- [EXERCISE BRIEF] Only the pictures are to be left out; please reproduce everything else in the data exactly.

- [EXERCISE DATA]
++++++++

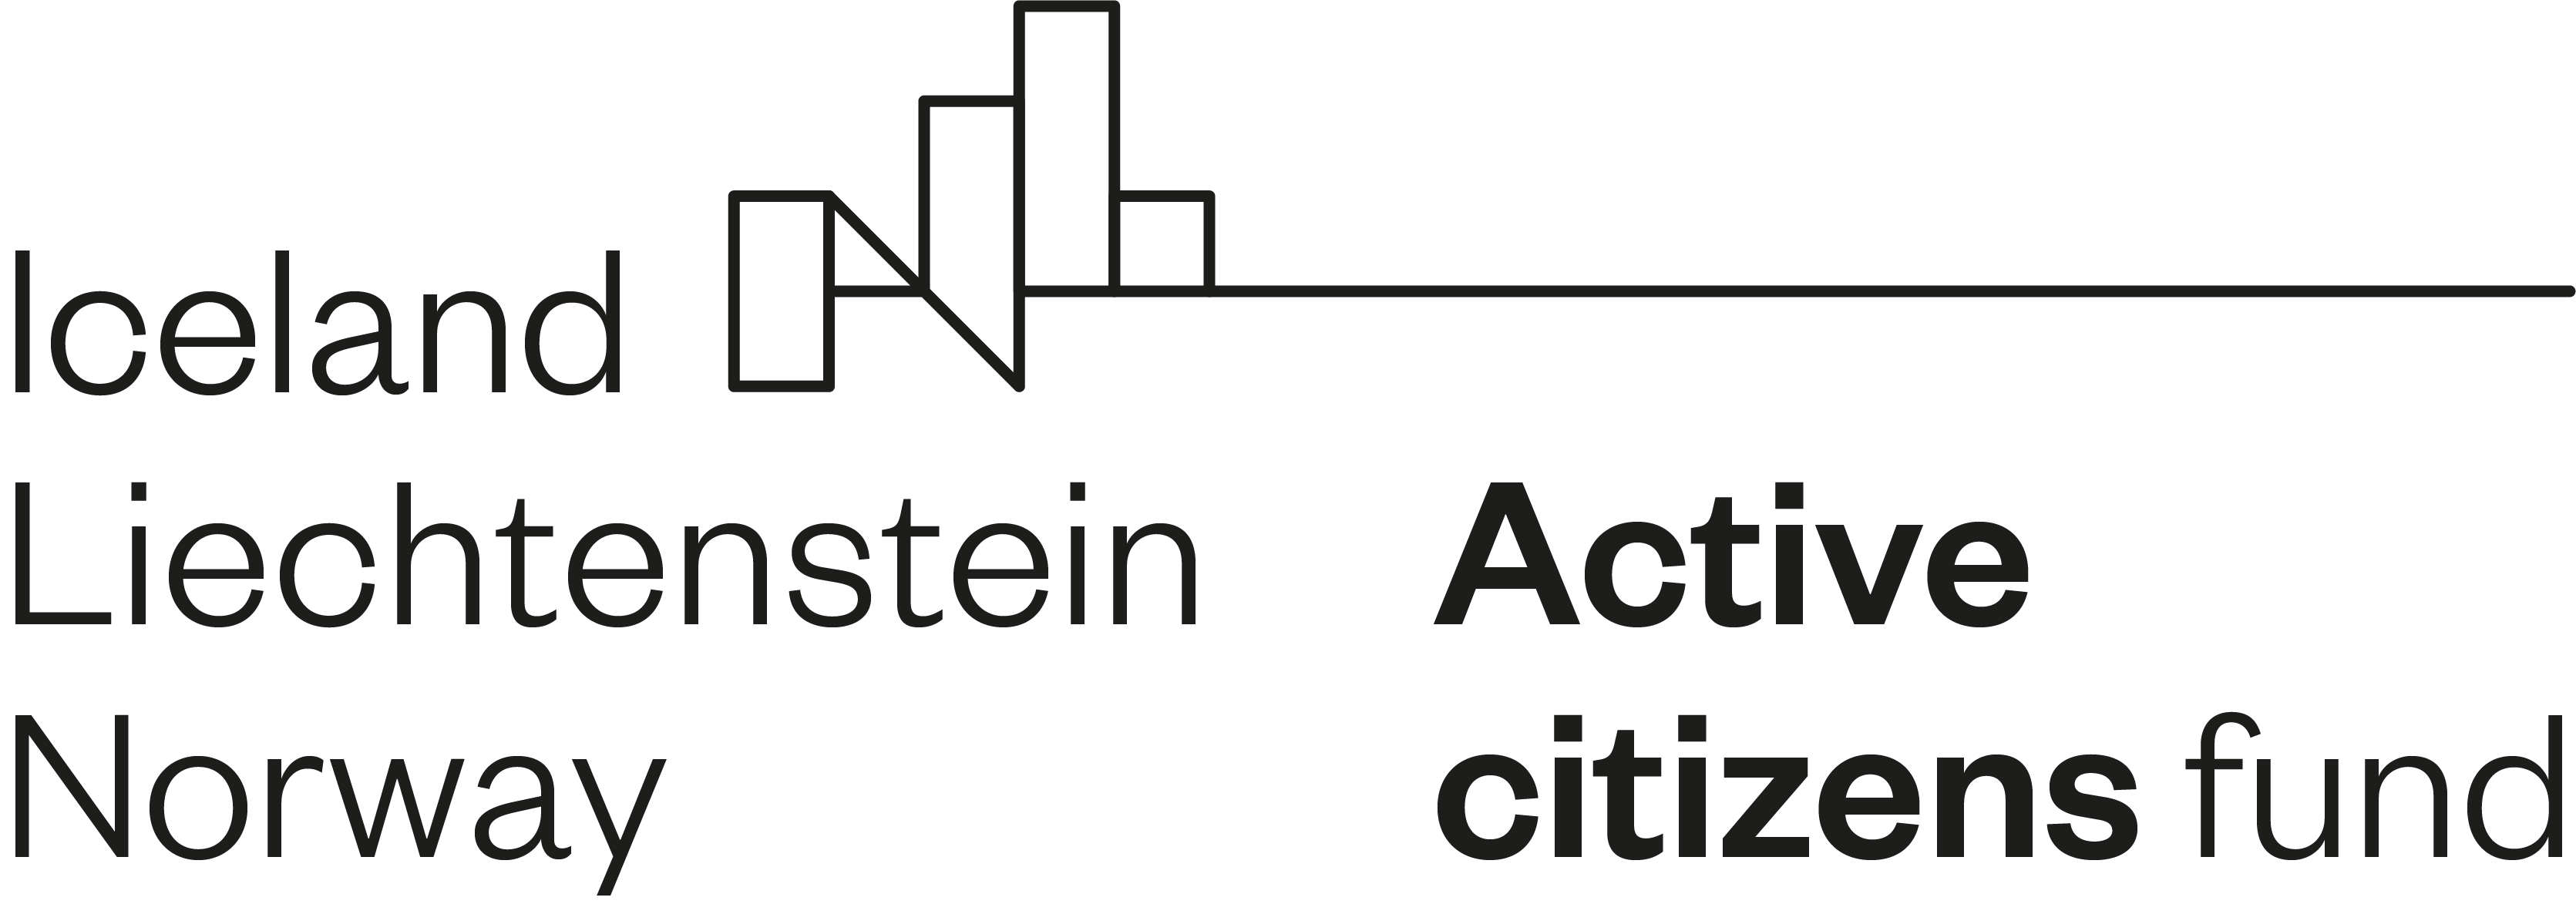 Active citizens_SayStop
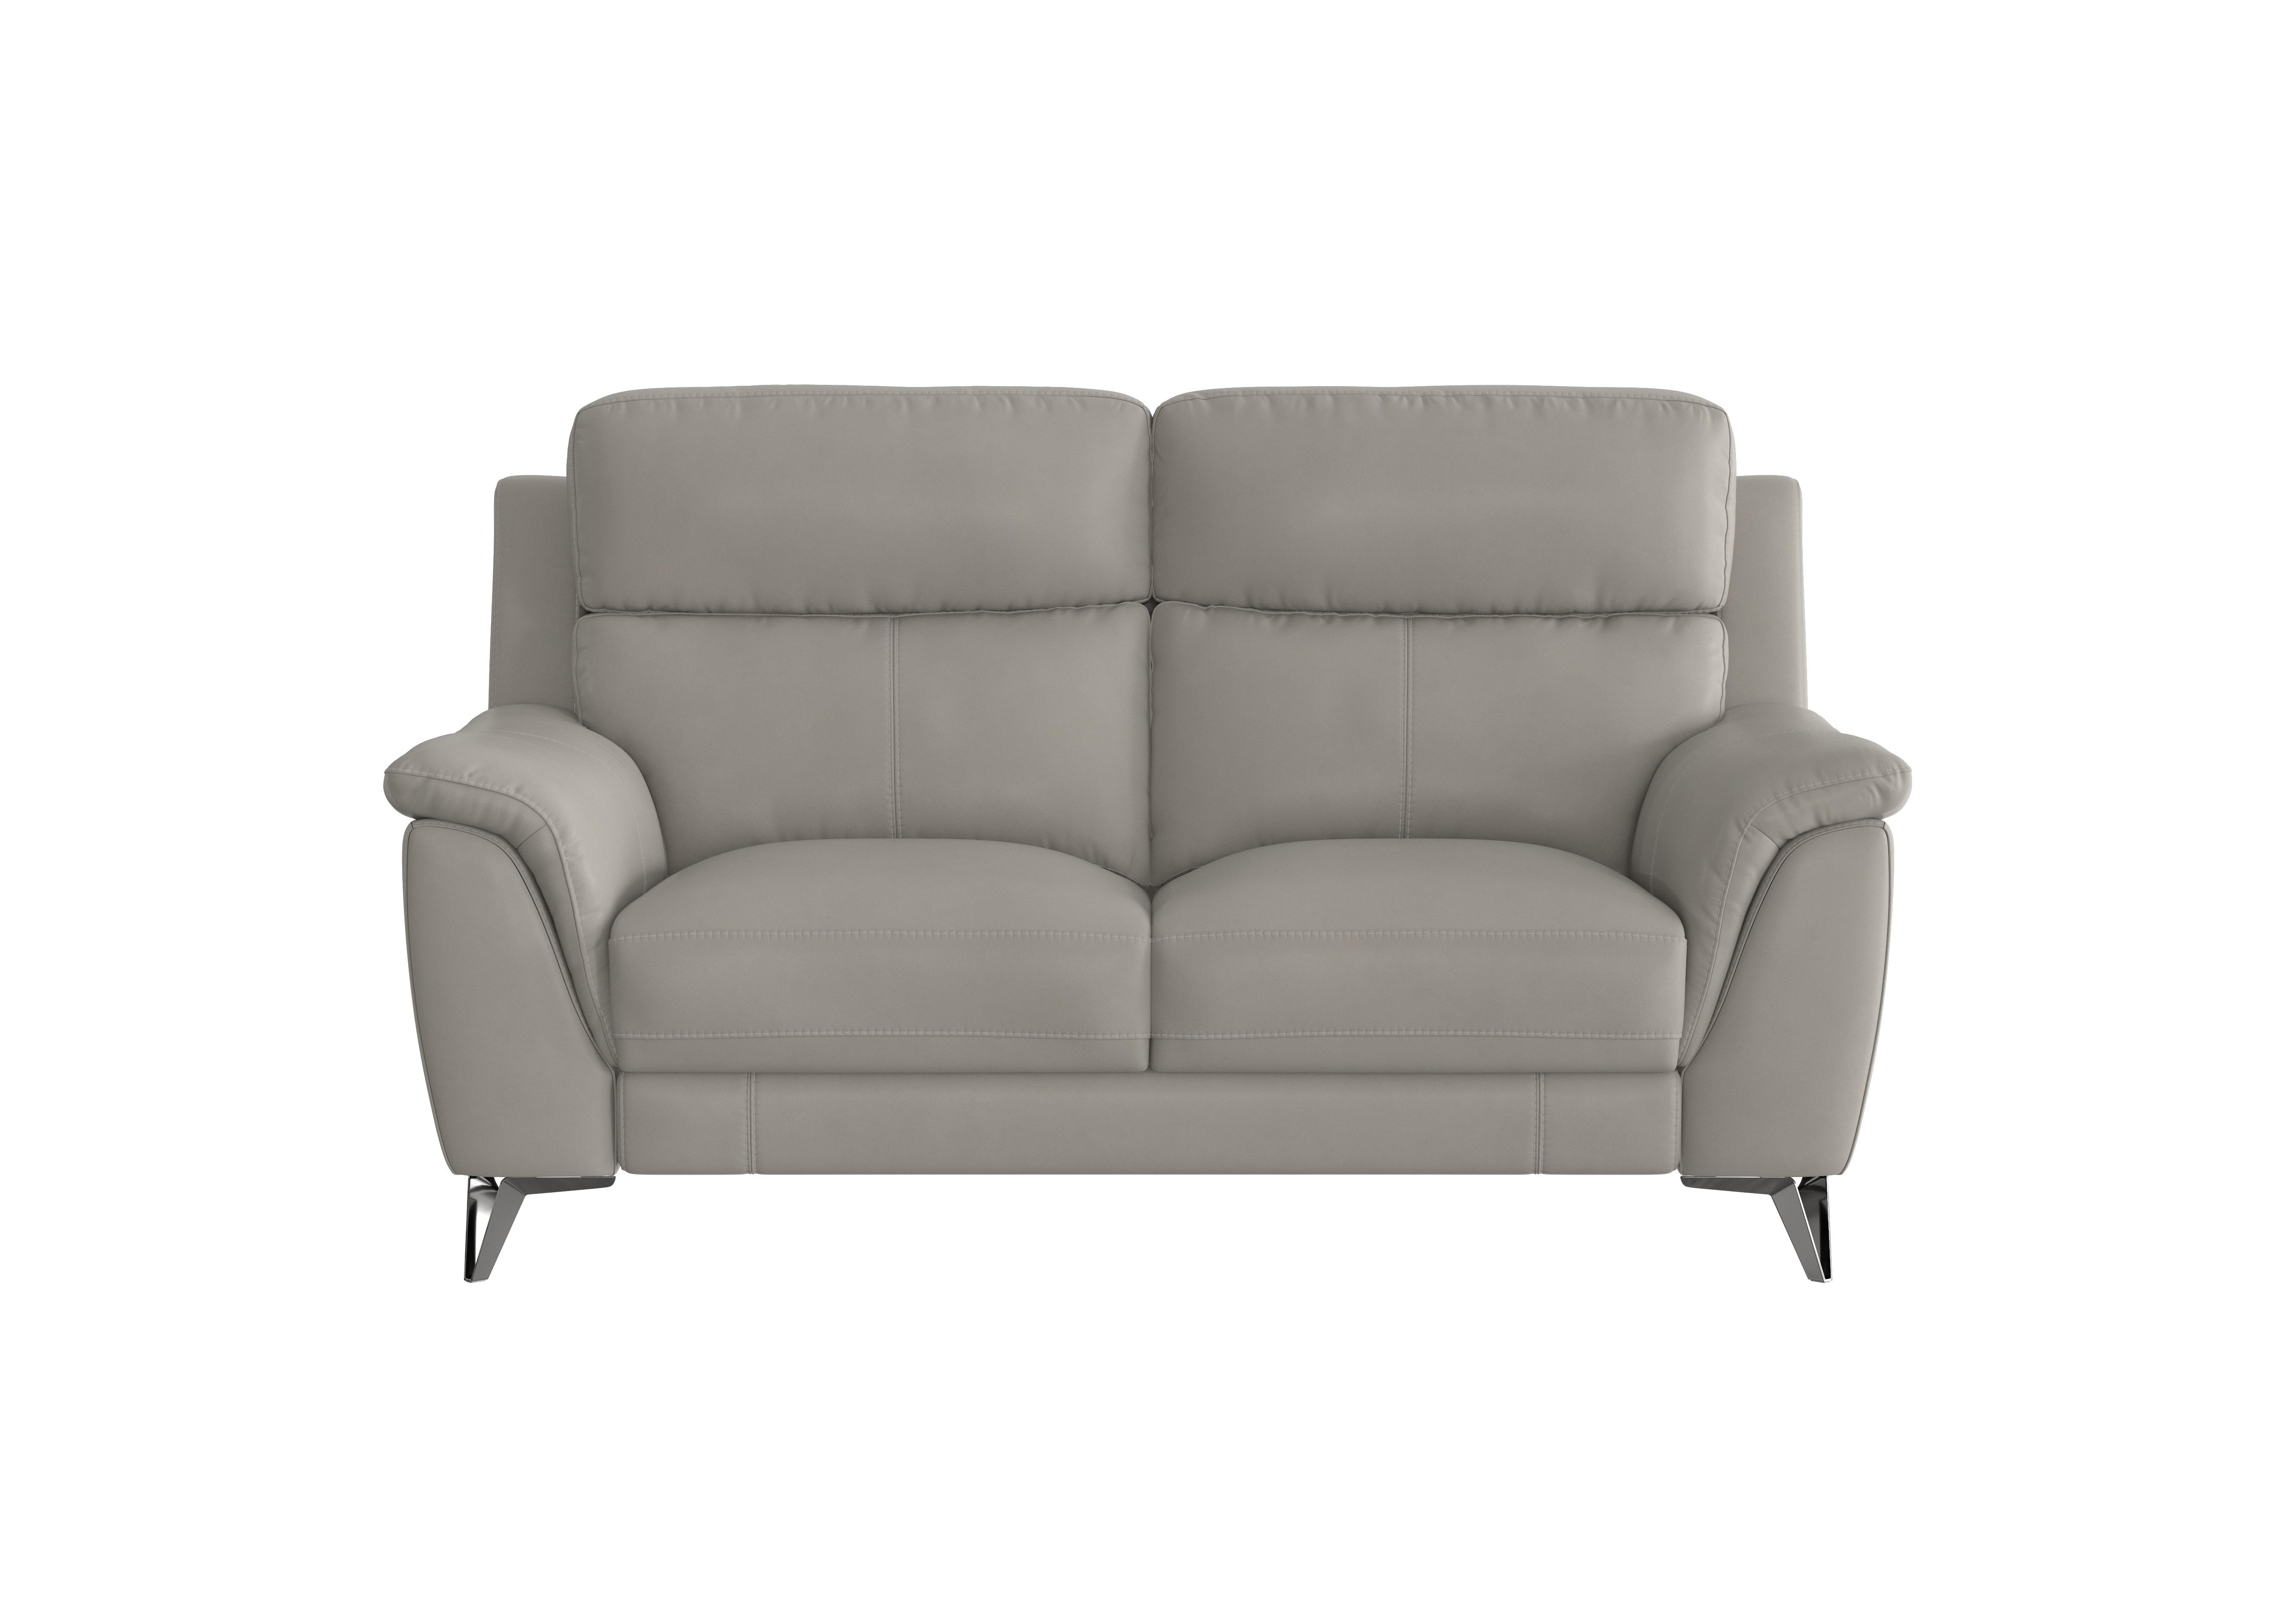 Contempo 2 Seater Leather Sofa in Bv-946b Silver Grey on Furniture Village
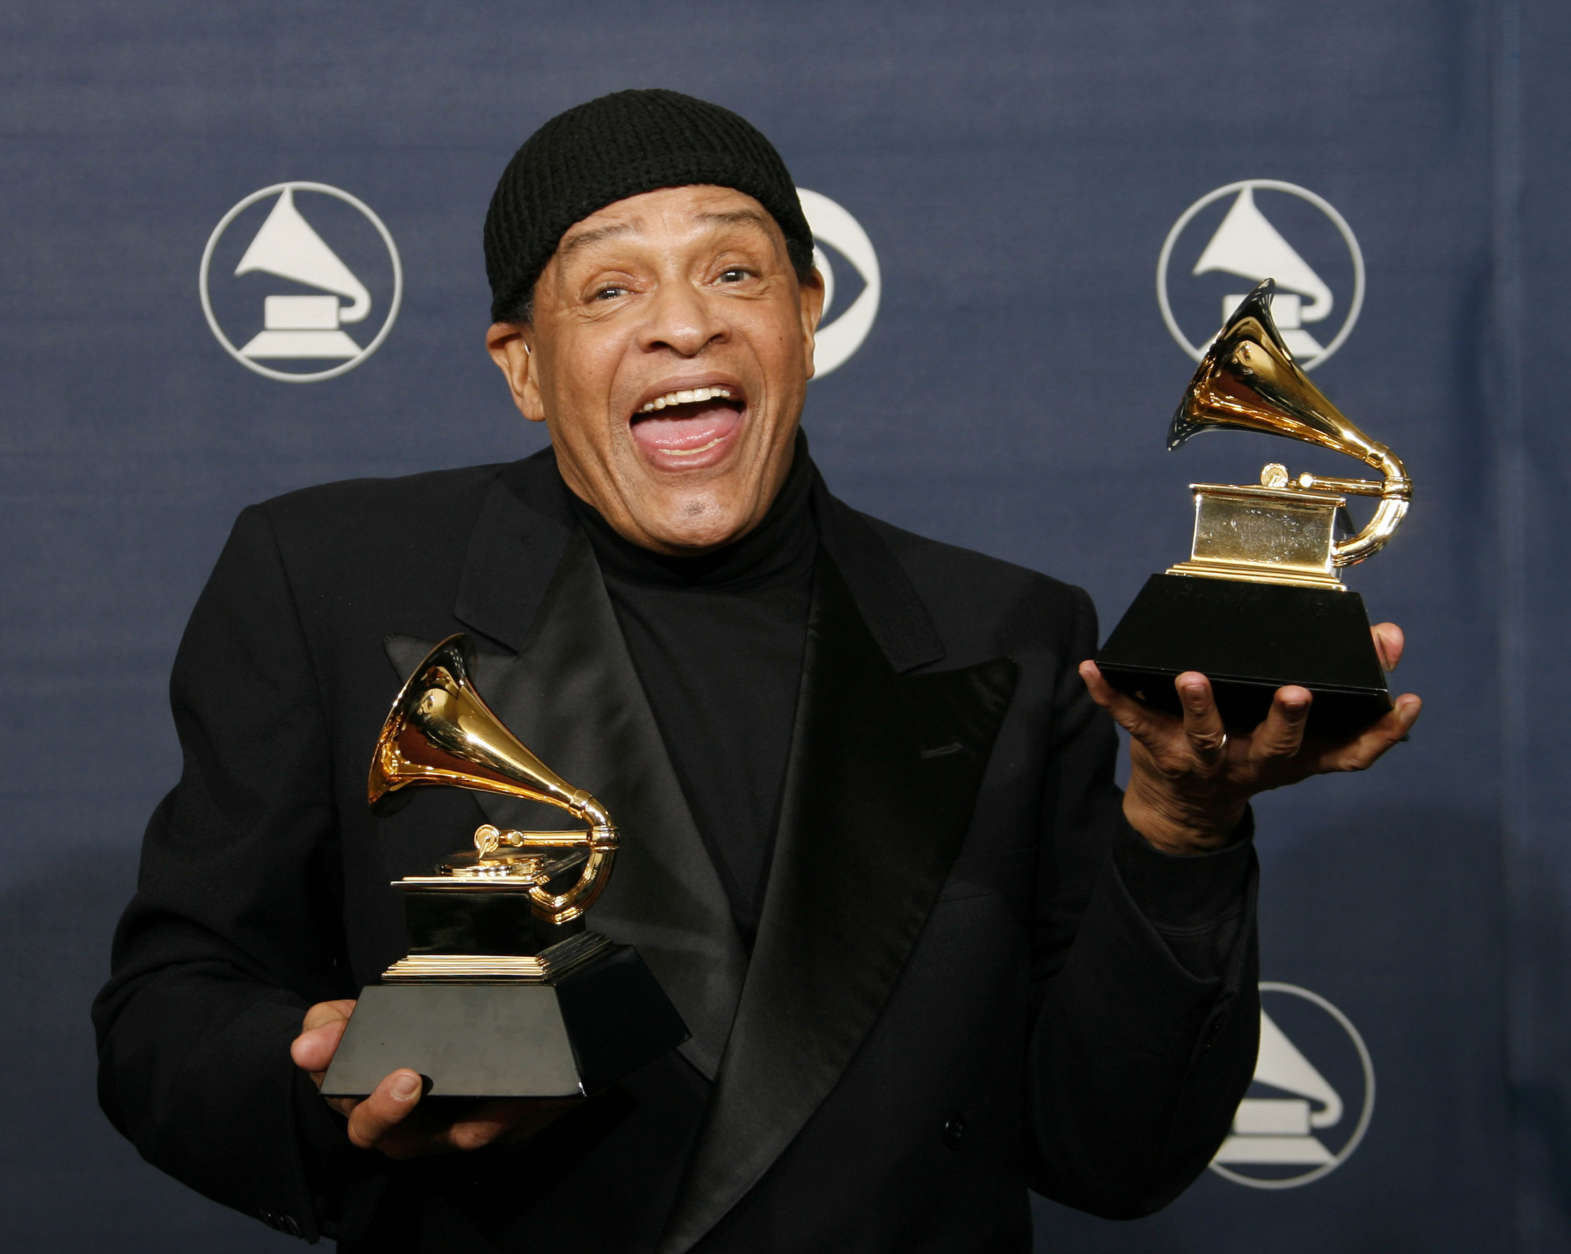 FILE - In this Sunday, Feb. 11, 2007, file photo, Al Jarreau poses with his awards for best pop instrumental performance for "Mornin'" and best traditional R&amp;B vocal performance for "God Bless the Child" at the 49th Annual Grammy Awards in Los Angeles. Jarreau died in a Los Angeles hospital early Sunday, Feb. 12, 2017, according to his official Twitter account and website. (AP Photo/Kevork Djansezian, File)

++++++++

- [SOLUTION TO THIS TASK]
 Active citizens_SayStop
 Contempo 2 Seater Leather Sofa in Bv-946b Silver Grey on Furniture Village
 FILE - In this Sunday, Feb. 11, 2007, file photo, Al Jarreau poses with his awards for best pop instrumental performance for "Mornin'" and best traditional R&amp;B vocal performance for "God Bless the Child" at the 49th Annual Grammy Awards in Los Angeles. Jarreau died in a Los Angeles hospital early Sunday, Feb. 12, 2017, according to his official Twitter account and website. (AP Photo/Kevork Djansezian, File)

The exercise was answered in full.